Reverse Transcription-Polymerase Chain Reaction
Total RNA was prepared from embryonic day (E) 10.5 embryos by use of RNAzol (Biotex) and reverse-transcribed (RT). Polymerase chain reaction (PCR) was carried out on the resultant cDNA samples with primers 5'-CAATCAGAGCGAAGCCCACA-3' (sense) and 5'-GGAGAGTATCAGCCTGTAAG-3' (antisense).

Radioimmunoassays for Adrenomedullin
Tissue AM levels were measured by radioimmunoassay with an anti-AM antibody that recognized the C-terminal amide structure. The protocols for this assay were reported previously18

Exogenous Administration of AM
Pregnant female AM+/- mice crossbred with AM+/- males were given recombinant AM by use of a subcutaneous micro-osmotic pump (Alzet, model 1007D), which infused AM-containing solution (27 µg/mL) at a rate of 0.52 µL/h for 1 week (E7 to E14).

Histological Examination
Whole E12.5 to E13.5 embryos, along with the yolk sac and placenta, were fixed in 10% phosphate-buffered formalin (pH 7.4), embedded in paraffin, and cut into 4-µm sections. The sections were stained with hematoxylin-eosin.

Whole-Mount Immunostaining
Immunohistochemical staining with anti-platelet-endothelial cell adhesion molecule-1 (PECAM-1) (Mec13.3, PharMingen) was performed, essentially as described by Sato et al.19 Briefly, embryos were fixed with 4% paraformaldehyde. The fixed embryos were treated with 5% H2O2, rinsed with PBS, and incubated overnight in PBS containing 2% goat serum. Embryos were then incubated with Mec13.3 overnight, rinsed, incubated with goat anti-rat IgG horseradish peroxidase, and subjected to color development.

Transmission Electron Microscopy
Specimens were fixed with 2.5% glutaraldehyde and 4% osmium tetroxide, embedded in epoxy resin (Epok) 812 (Oken Shoji Co), cut into ultrathin sections, double-stained with uranyl acetate and lead citrate, and examined with a Hitachi H-600 electron microscope.

Vascular Casting and Scanning Electron Microscopy
The method for making vascular corrosion casts of mouse embryos was described by Kondo et al.20 Casts were cut into small pieces suitable for observation, gold-coated with an ion sputter, and observed under a scanning electron microscope (JSM-5600LV, JEOL) with an accelerating voltage of 15 kV.

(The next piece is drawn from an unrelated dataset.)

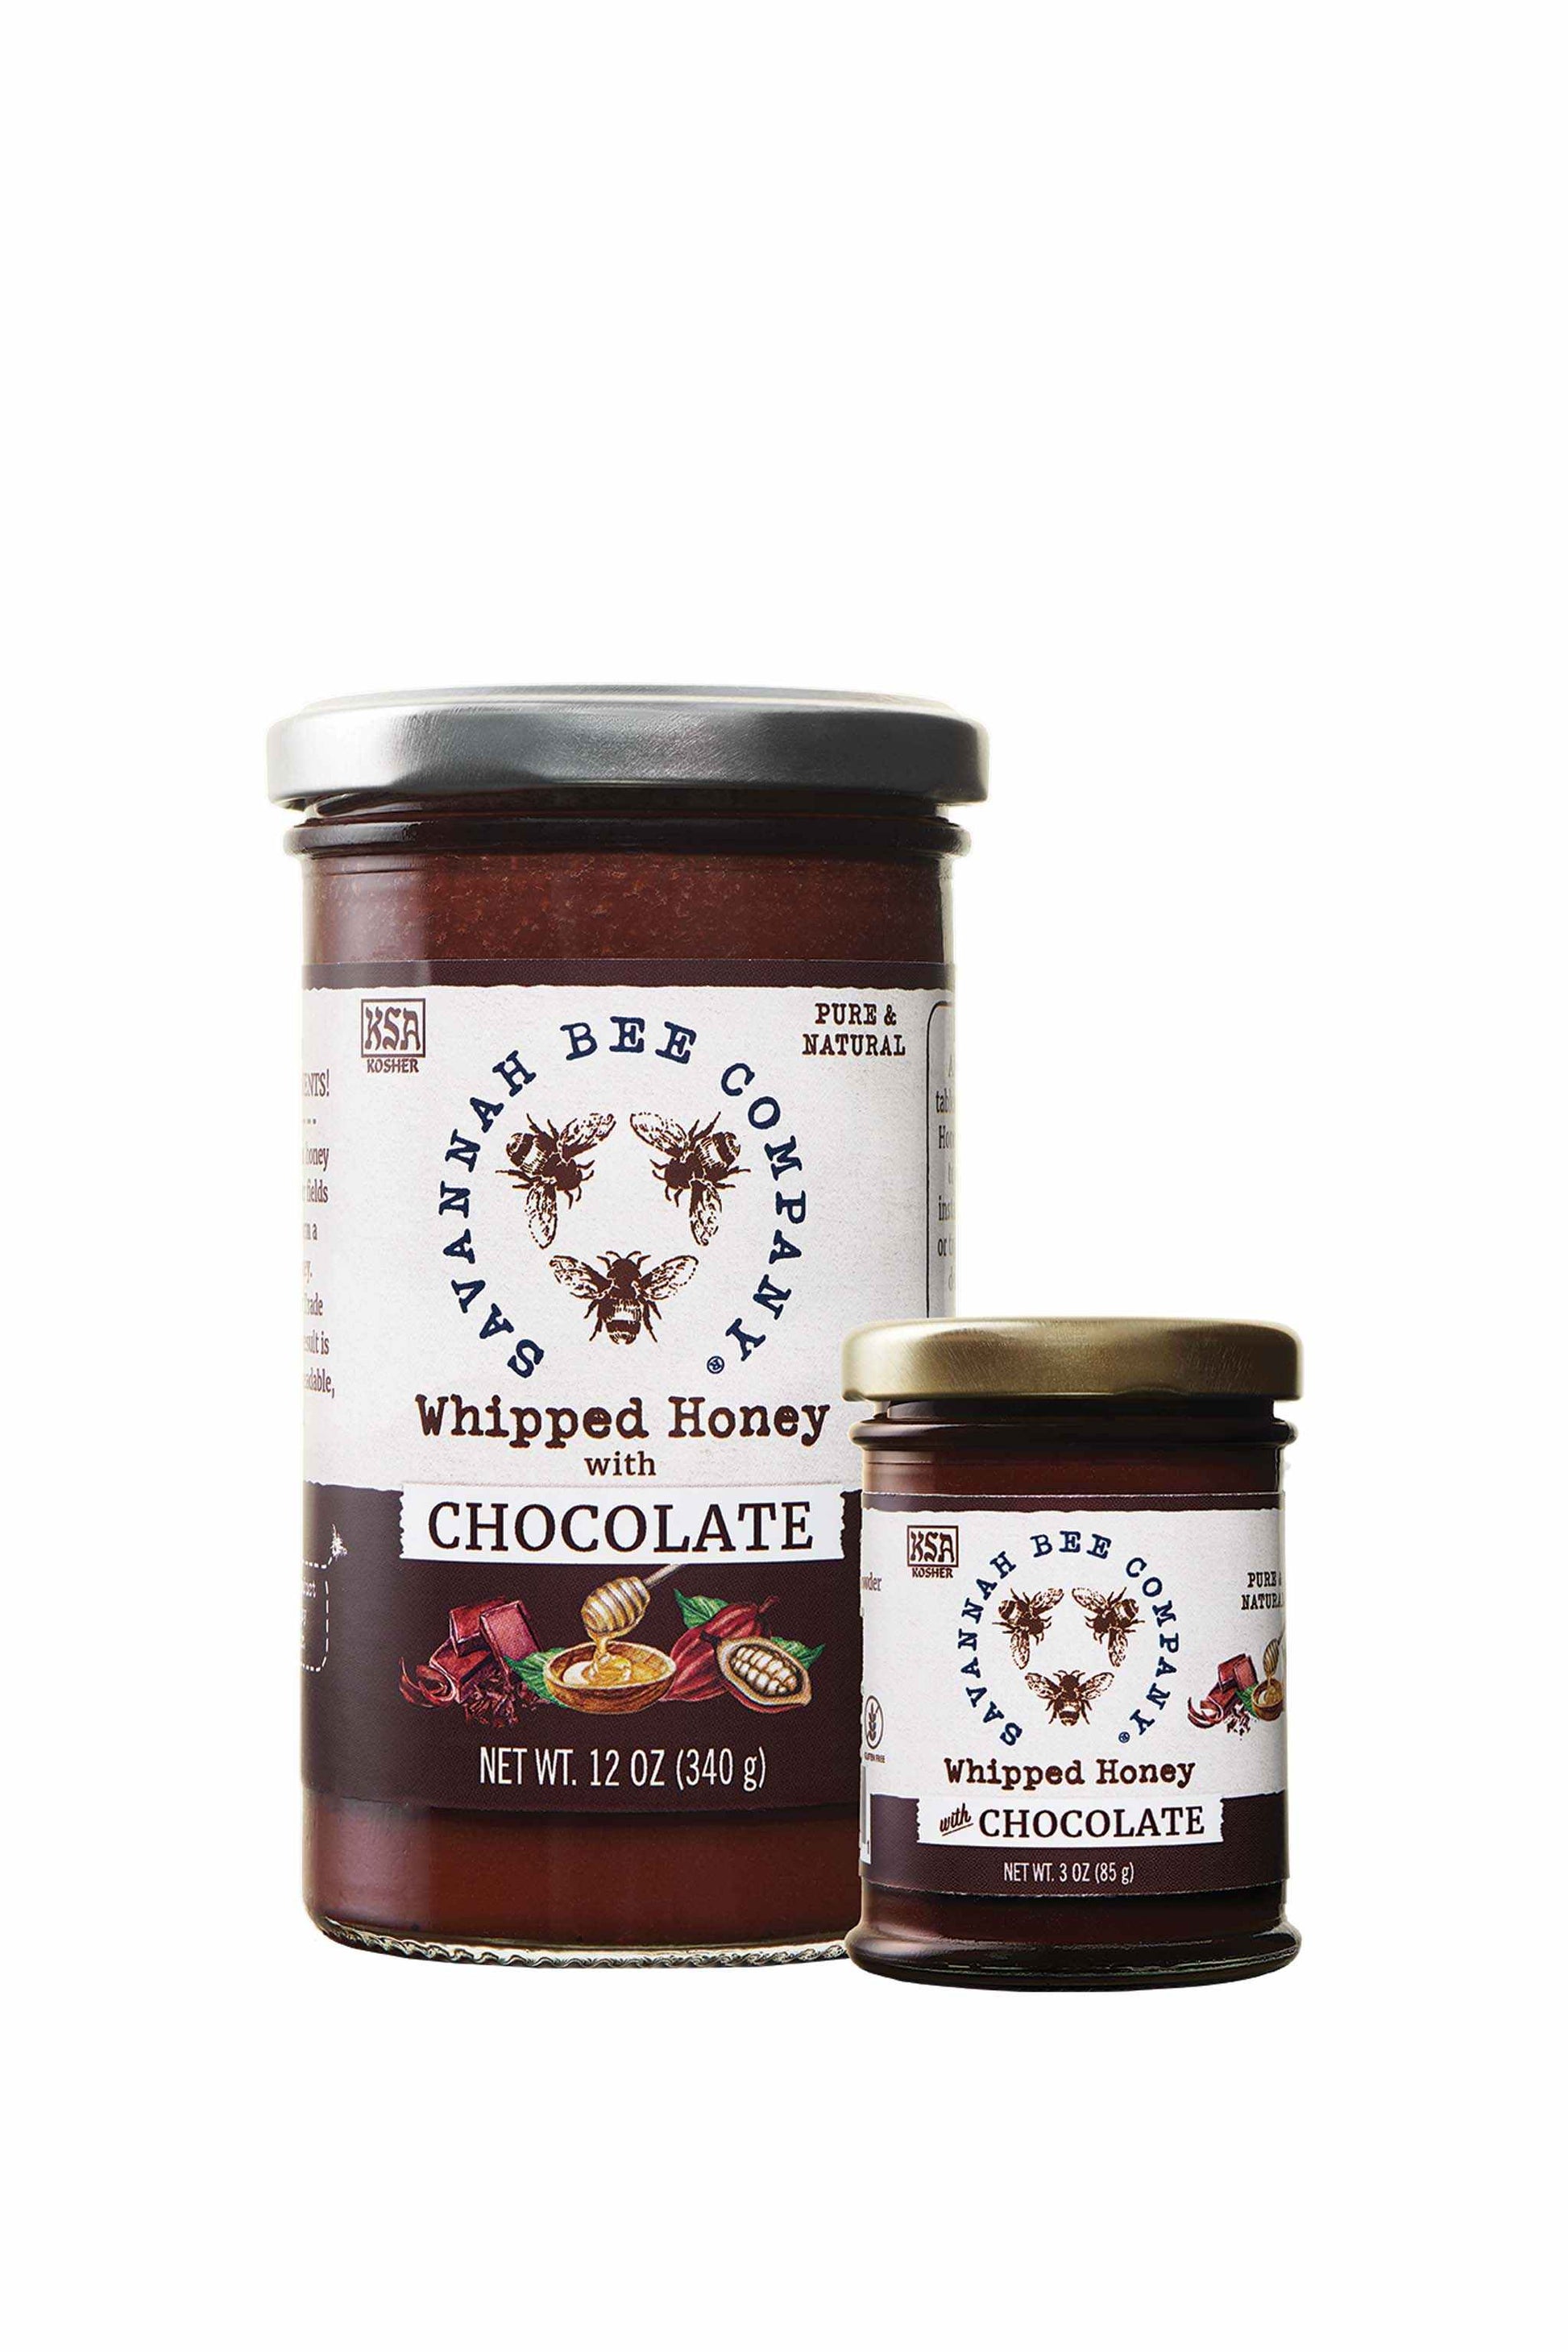 Whipped Honey with Chocolate 12 oz. and 3 oz.

Blood Pressure Measurement
Blood pressure measurement was performed as we described previously.21 Male mice were anesthetized with halothane. A femoral artery was cannulated with polyethylene tubing, after which the mouse was allowed to recover. To record blood pressure, the cannula was connected to a pressure transducer; arterial pressure was determined with a peak detector. The data were then entered into a computer to calculate the mean values of each variable over a 2-hour segment.

To examine the effects of NO synthase inhibition, mice were anesthetized, and blood pressure was recorded for >=30 minutes, after which 250 µmol/kg NG-monomethyl-L-arginine (L-NMMA; Sigma) was administered via the femoral artery.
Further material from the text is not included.